Elsa Says Hello

It was July 2 and Maureen’s birthday. People of a certain age don’t usually make a great deal of birthdays and so ours are low keyed. Nonetheless we do note, as a recent scientific study revealed, that people who have many birthdays live longer than those who don’t have as many. Having said that I hope that the Admiral of our Fleet has many more we can celebrate together wherever we are.

Happy Birthday Maureen!

One of the ways we could have celebrated was for me to make breakfast, bring fresh flowers for the table, have a grand lunch at a restaurant with some friends and maybe a few old fashion rum punches as sundowners. Unfortunately, the only thing I could accomplish was breakfast. Elsa, a blustery visitor to our shores, arrived in the morning and hung around for most of the day.

Elsa, as you may know, was crowned Hurricane Elsa just as we were finishing our breakfast. She started to make her presence known when we woke at 5:30 AM as the winds started to pick up. The dense clouds obscured any sunrise although no rain fell for a few hours. Checking the local weather radar, the massive rain echoes were approaching Barbados. From the location and movement, it looked like the center of Elsa would pass over Barbados and head for St. Vincent. Barbados is 98 miles south-east of us, and St Vincent is 50 miles south of where we are, Rodney Bay Marina.

This storm was not a surprise visitor. For the last five days all eyes were on the mid-Tropical Atlantic. Weather forecasters and weather models were all in agreement that a significant tropical wave that came off Africa would face favorable conditions to form a strong wave or tropical storm and head west. That was exactly what happened. It sped quickly west, over 25 knots, and arrive on our doorstep as a tropical storm Elsa. It grew into Hurricane Elsa as it passed over Barbados.

By 8 AM squalls came in waves. Winds over 25 knots pushed Kalunamoo against the dock. This was expected. I removed our ramp the day before, added and adjusted dock lines to keep her farther from the dock (the south side of Kalunamoo). As the wind increased and heeled the boat the fenders protected the boat. I knew the winds would be clocking, going from North-East to East then to South East during the day so there would be less pressure against the dock as the day progressed. By 10:30 the barometer recorded its lowest pressure before starting to rise. This meant the center of Elsa was due south and would start to pull away. Sustained wind gusts to the mid 40’s (knots) made a racket as rain went horizontal. Instantaneous gusts were probably higher. The below table shows our observations during the day.

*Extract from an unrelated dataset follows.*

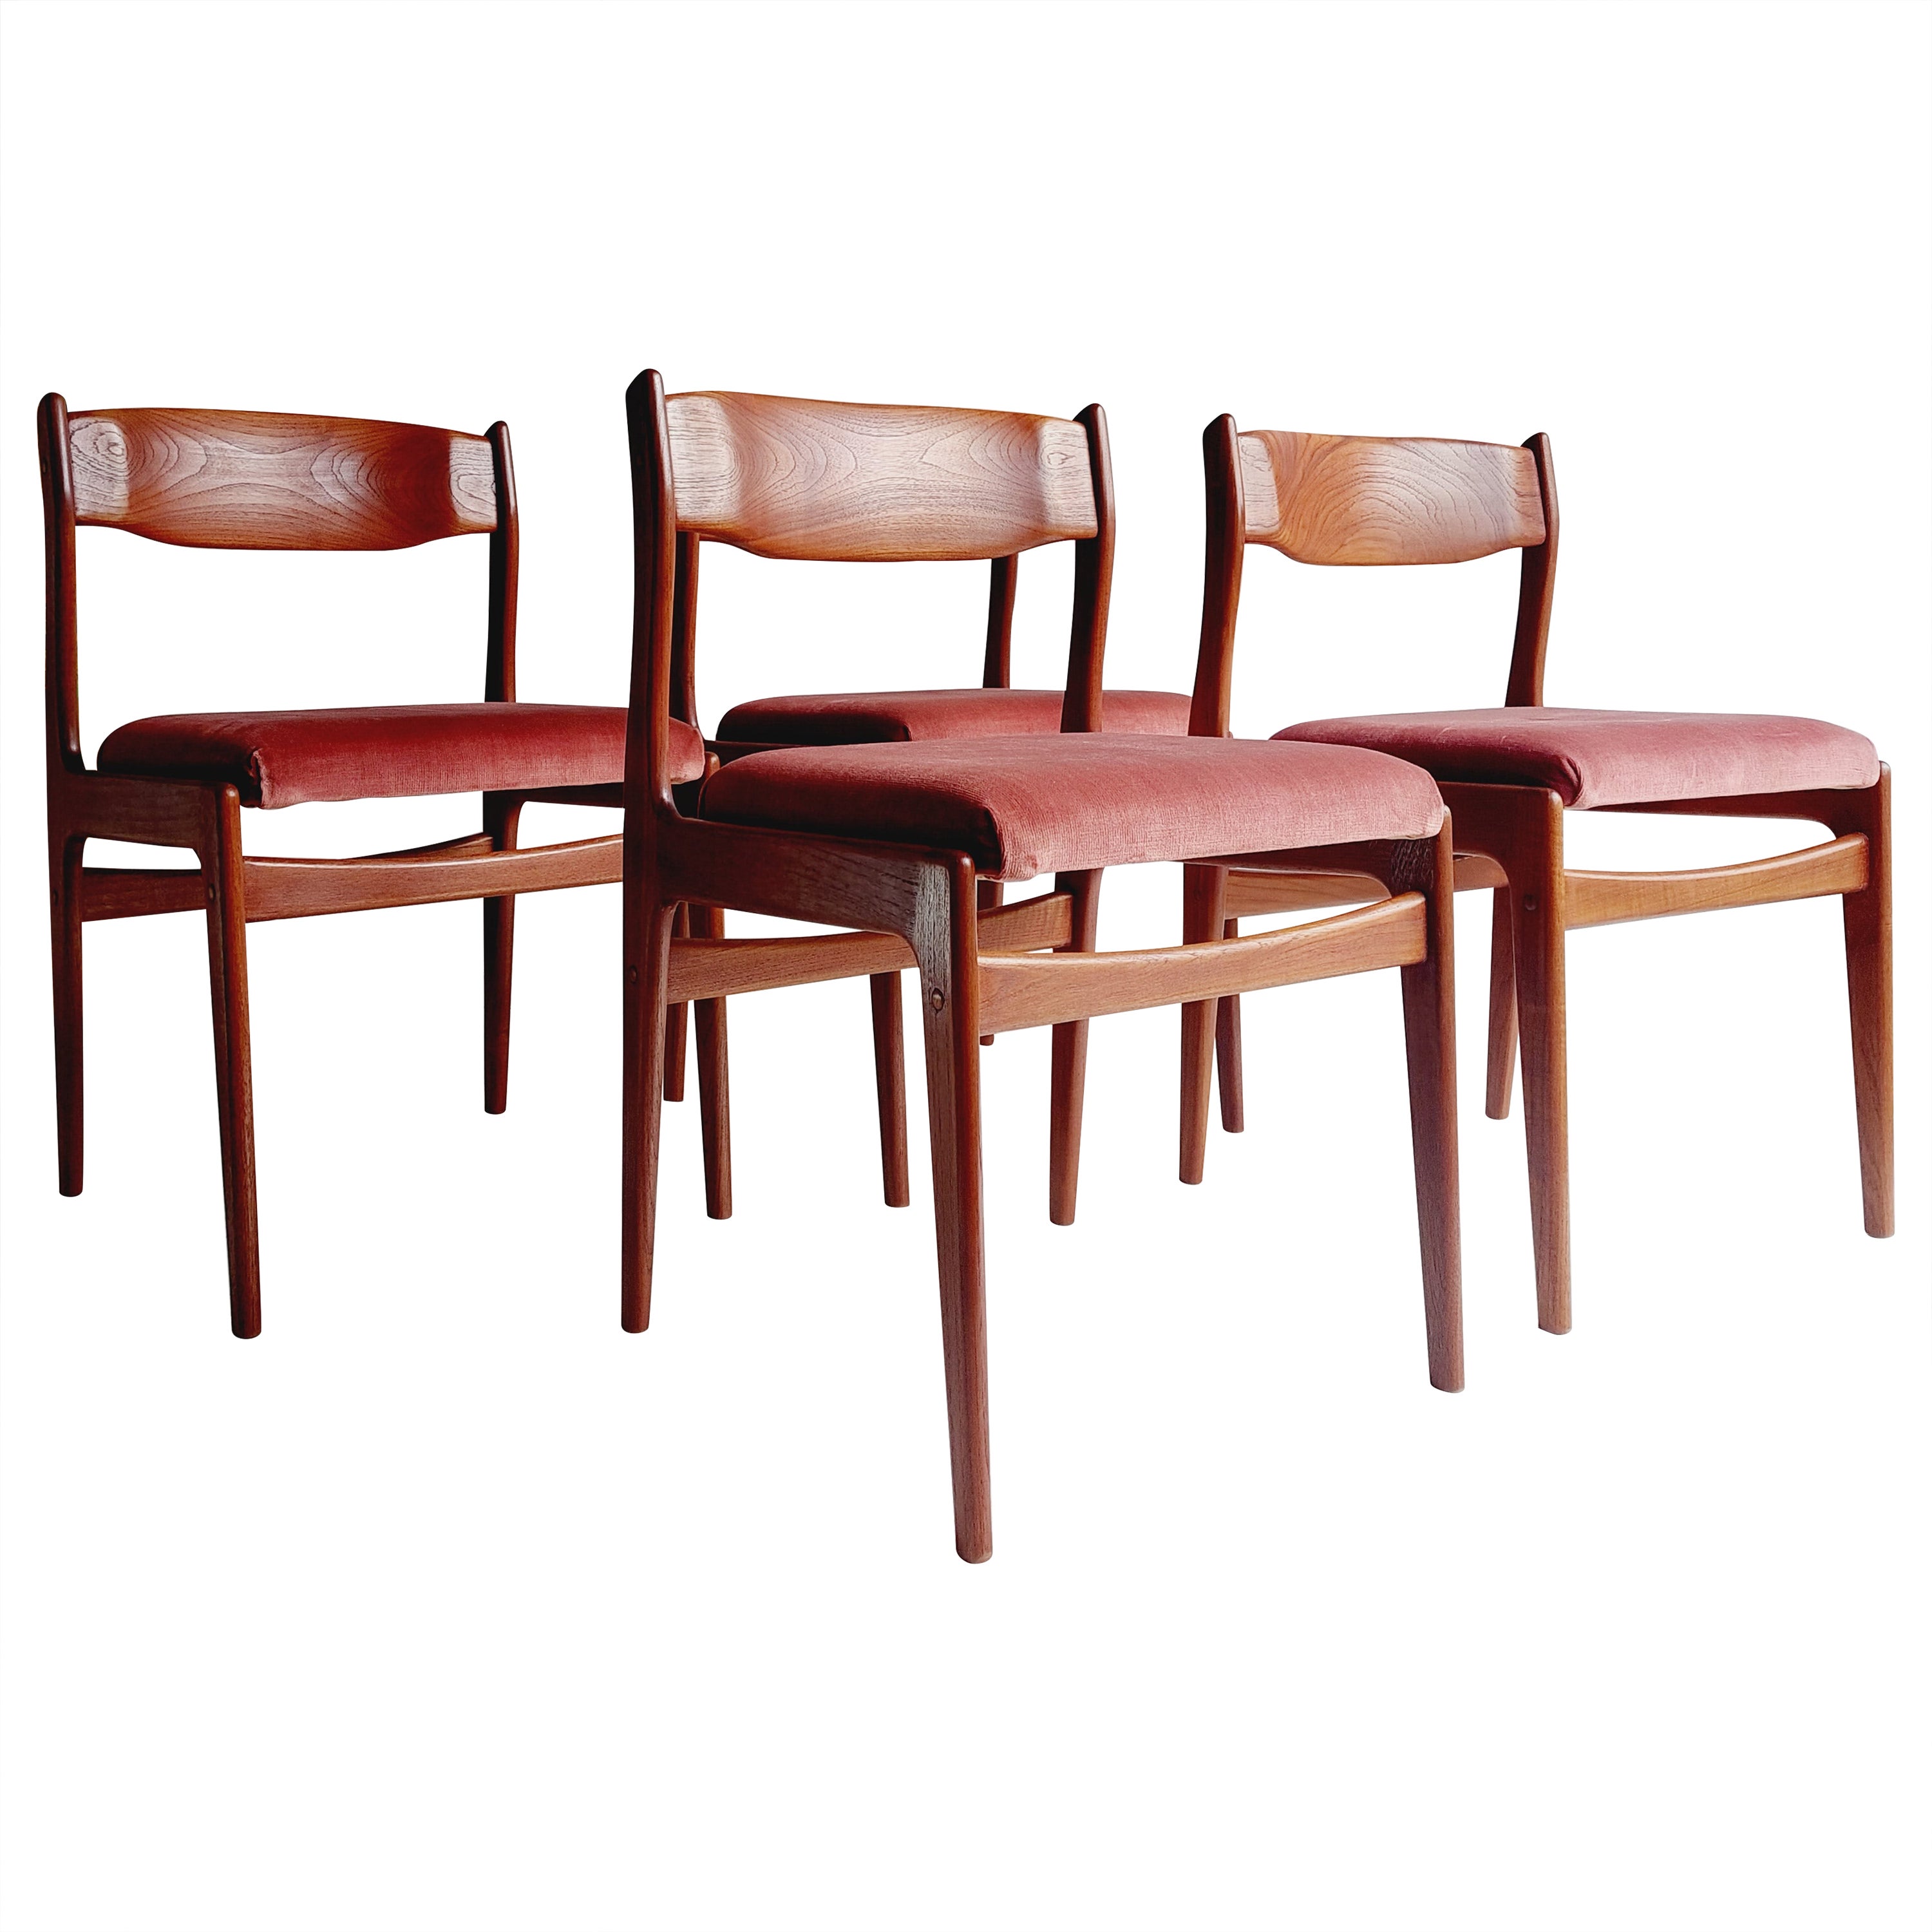 Mid Century teak Danish dining chairs 60s, Erik Buch style, set of 4

Since we were about 75 miles north of the center of the storm the strongest wind were south of here. Everything held as no damage was sustained. Heavy rains occurred here, in St. Vincent and Grenada. Landslides here killed one person in St. Lucia. We had hired a worker and his wife to varnish our teak toe rail and today he said that there was plenty of damage inland including lowsing part of his roof. The usual leaks when heavy rain occurs were noted on board but nothing like the old “leaky teaky” of yesteryear.

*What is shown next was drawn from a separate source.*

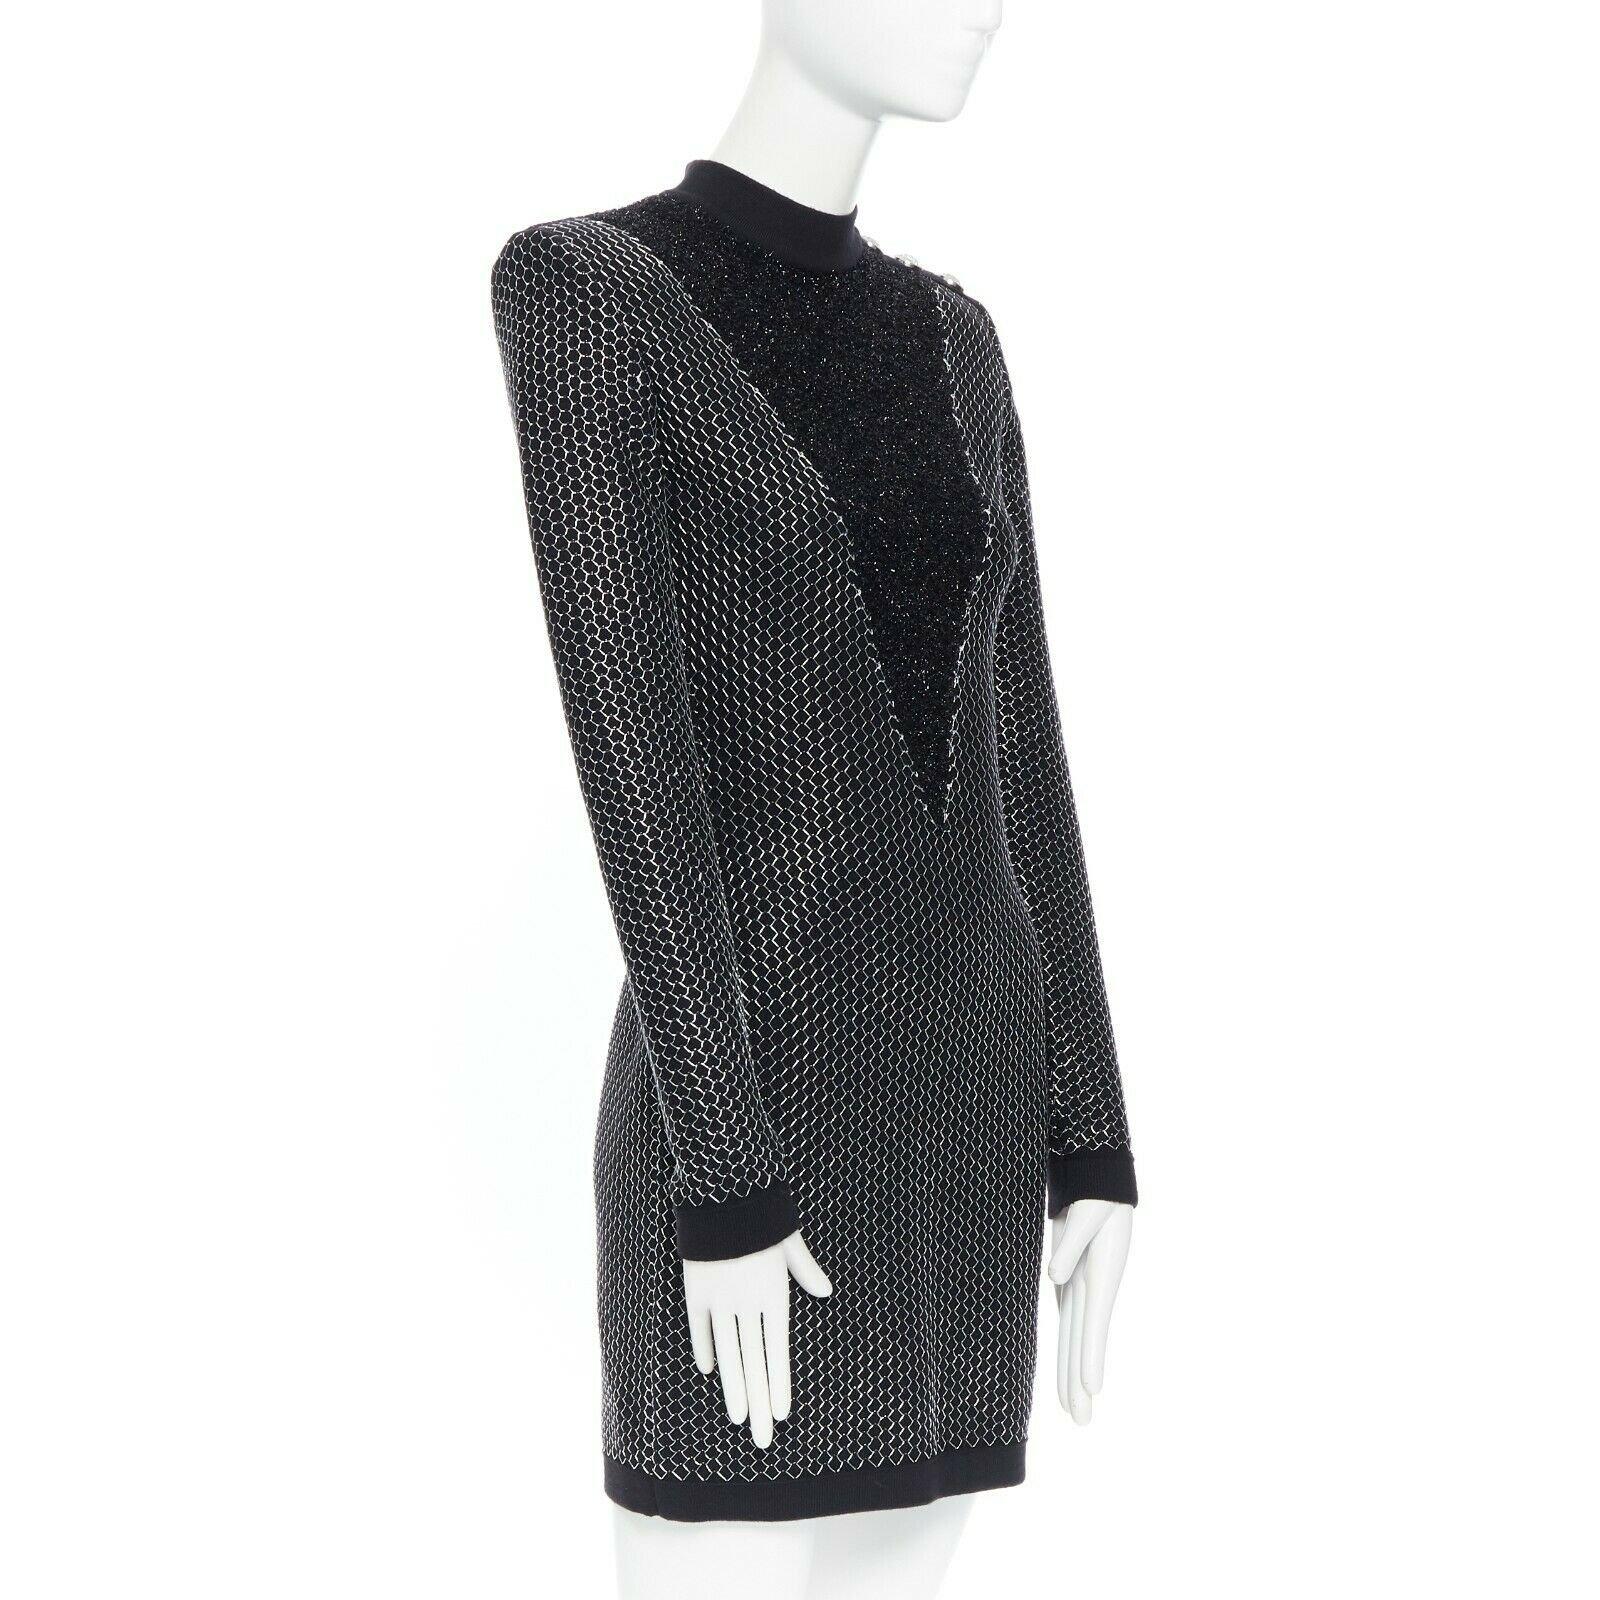 Black BALMAIN ROUSTEING black silver thread fluffy military button bodycon dress S

This was our first encounter of a named hurricane in the Caribbean. This was an early season storm, especially for this area. In the last 31 years only one other named storm crossed any East Caribbean Island earlier than Elsa. However, our close encounters with strong tropical waves and storms, here and on the East Coast, over the last 40 years were not unusual. Hurricanes were the prime reason we would go to Trinidad in the summer as it is below the “hurricane belt”. Trinidad has been closed since last year and who knows when it will open up. Nationals will be permitted in the middle of July but no word of non-nationals. In any case we chose to stay in St. Lucia as we flew to NY for 7 weeks, knowing that the marina is a relatively safe harbor during storms.

And it was. Many boats that were anchored in the bay, including commercial boats for the resorts, came into the marina the day before the storm. There was plenty of space and all were well protected. Granted that this was not a major hurricane and the winds were not at hurricane strength here, it still provided good protection. Electricity on the dock was shut off by 11:30AM until this morning.

The video is what the marina looked like during the day.

As written before hurricanes can be very destructive to these islands but there are steps that can be taken to lesson the danger. Heavy rain is sometimes more of a factor than the wind. The season has just started and no one knows where or when the next storms will form. Historically only 2 or 3 storms affect the East Caribbean during the summer season. Last year’s number of storms, 30, was a record. Only 2 were in the Eastern Caribbean. There was also a recent explanation from the National Hurricane Center that although it was a record number, modern technologies help identity more storms than ever before. It was an active season but not as active as the number of storms would suggest.

Well by late afternoon, the winds calmed down to the typical summer trades of 15 and less. Clouds and showers were still around but it was all quiet after a stormy day. Maybe Elsa came to celebrate Maureen’s birthday in a very unconventional way. What a way to say Happy Birthday Maureen!